Nas feiras escolhidas para o estudo, os comerciantes eram os próprios produtores do alimento orgânico. Essa decisão foi baseada no diferenciado envolvimento e experiência do produtor/vendedor com o meio ambiente e com as questões produtivas do alimento. Em linhas gerais, as feiras de orgânicos são circuitos comerciais que apresentam perspectivas temporais desaceleradas, com interações sociais mais aproximadas e que acontecem em espaços que envolvem a natureza, seja de maneira direta (parques arborizados) ou indireta (campo). Nesta direção, a decisão de estudar esses locais partiu da inferência da possível presença de elementos psicológicos da sustentabilidade que participassem dos processos da percepção em torno dos orgânicos por seus produtores e consumidores (Corral-Verdugo, 2010; Darolt, 2013; Diniz, 2015; Diniz, & Pinheiro, 2014; Kinjo, & Ikeda, 2015; Kuhnen, 2011; Picolotto, & Brandenburg, 2013).

Deste modo, escolhi o alimento orgânico devido a seus vieses produtivos e de consumo ambientalmente ajustados, o que poderia constituir um aspecto diferencial sobre a forma com que esse alimento era percebido. Parti da lógica de que a conservação e cuidado ambiental relacionados ao processo da produção do alimento e a importância da interpretação

mediada pelas experiências e vivências que o orgânico evocava, poderiam enriquecer informações sobre o fenômeno explorado. Contudo, compreendo que nem todas as pessoas envolvidas com a escolha do orgânico têm como motivação principal as questões ambientais. Mesmo assim, entendo que a decisão possa envolver pessoasque apresentem alguma relação diferenciada com esse tipo de alimento, direcionando interesses decisivos para a escolha.

Segui pressupostos utilizados na perspectiva ecológica para compreensão de fenômenos, como o estudo dos acontecimentos da vida diária (a feira), a observação (mapeamento comportamental centrado no lugar), o ambiente significado (affordances e behavior setting). E nas entrevistas semiestruturadas mantive o foco interpretativo em aspectos sobre mudanças e ações, tempo, estruturas sociais e variação. Pesquisar no cotidiano como as relações aconteciam foi uma alavanca para o conhecimento de aspectos do fenômeno estudado (Barker; 1968; Del Rio, & Oliveira, 1999; Gray, 2012; Pinheiro, 1997, 2007; Proshansky, 1976; Spink, 2007; Stecanela, 2009).

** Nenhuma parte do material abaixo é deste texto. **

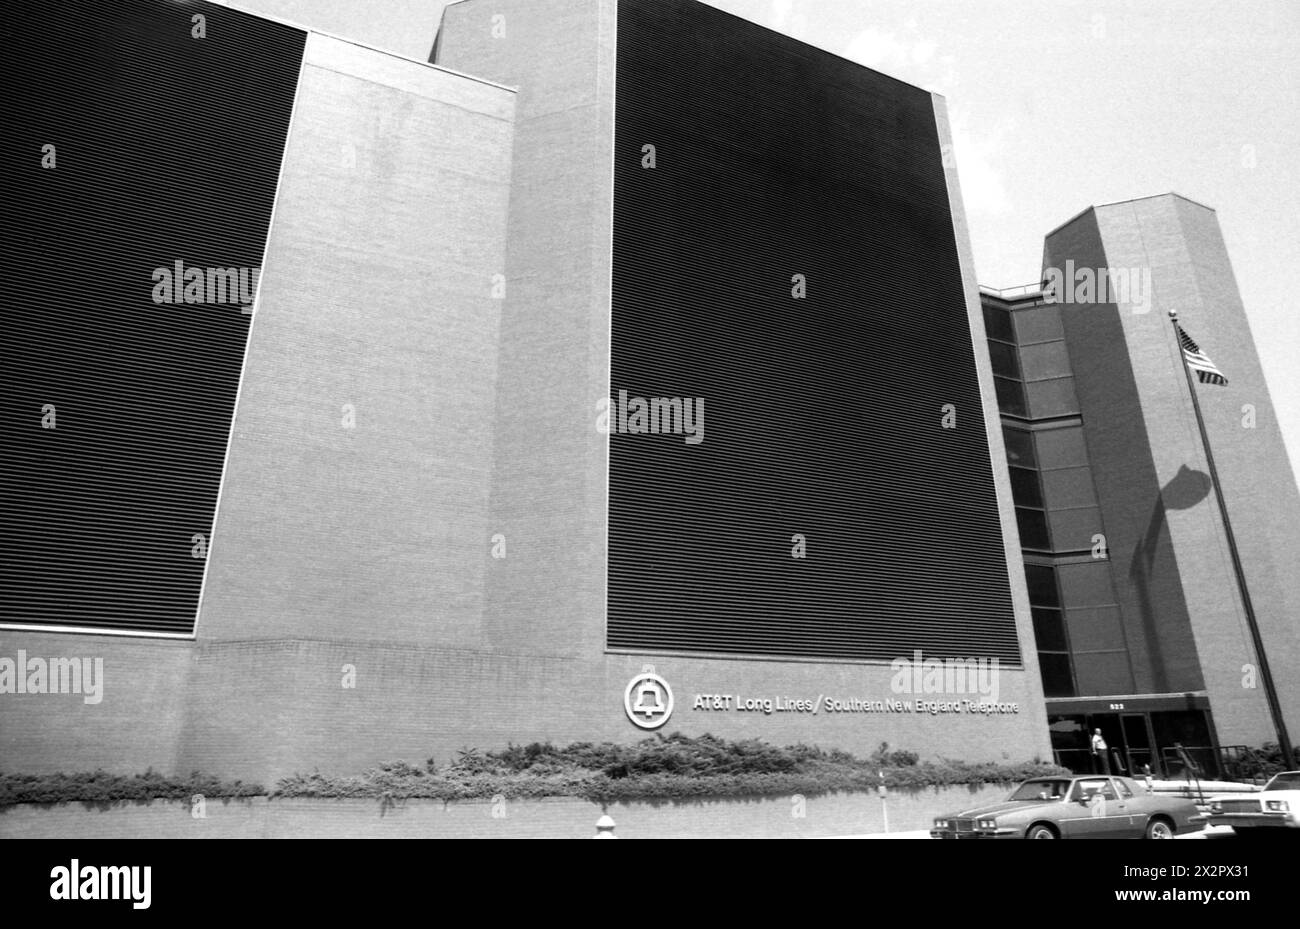 Connecticut, U.S.A., 1982. Facade of a large AT&T/New England Telephone building. Stock Photo

Com a finalidade de avançar nesses entendimentos, o objetivo central da investigação foi o de explorar a percepção dos alimentos orgânicos por seus produtores e consumidores em feiras especializadas. Na tentativa de compreender melhor as questões envolvidas, especifiquei como objetivos parciais:

• Explorar, por meio da perspectiva ecológica, aspectos comportamentais do contexto consumidor e produtor nas feiras especializadas em orgânicos;

• Identificar aspectos ecossistêmicos da interação em feiras que possam interferir na percepção do alimento orgânico;

• Compreender como se estruturam psicoambientalmente relações entre as pessoas, o alimento orgânico e o meio ambiente.

Para alcançar uma melhor compreensão sobre o fenômeno estudado, busquei convergir multimetodologicamente achados observacionais, registros comportamentais e

entrevistas. Para fechar essas asserções, afirmo que almejei ir para além de uma visão científica unidimensional e que busquei estabelecer uma análise a partir das interações entre pessoa-ambiente/alimento. Entendo a interação ser um ponto nevrálgico para todos os campos científicos, pois sua complexidade significa entrelaçamento de causas. Embora na construção desta tese eu tenha vivenciado dificuldades nas práticas de aproximação entre áreas, o desafio de vencer dicotomias analíticas no terreno das inter-relações e conexões, remeteu-me a grandes desprendimentos e investimentos em diferentes campos do conhecimento, bem como a progressões em fronteiras teórico-metodológicas. No próximo capítulo focalizo o método empregado para atingir esses objetivos e descrevo as duas técnicas investigativas.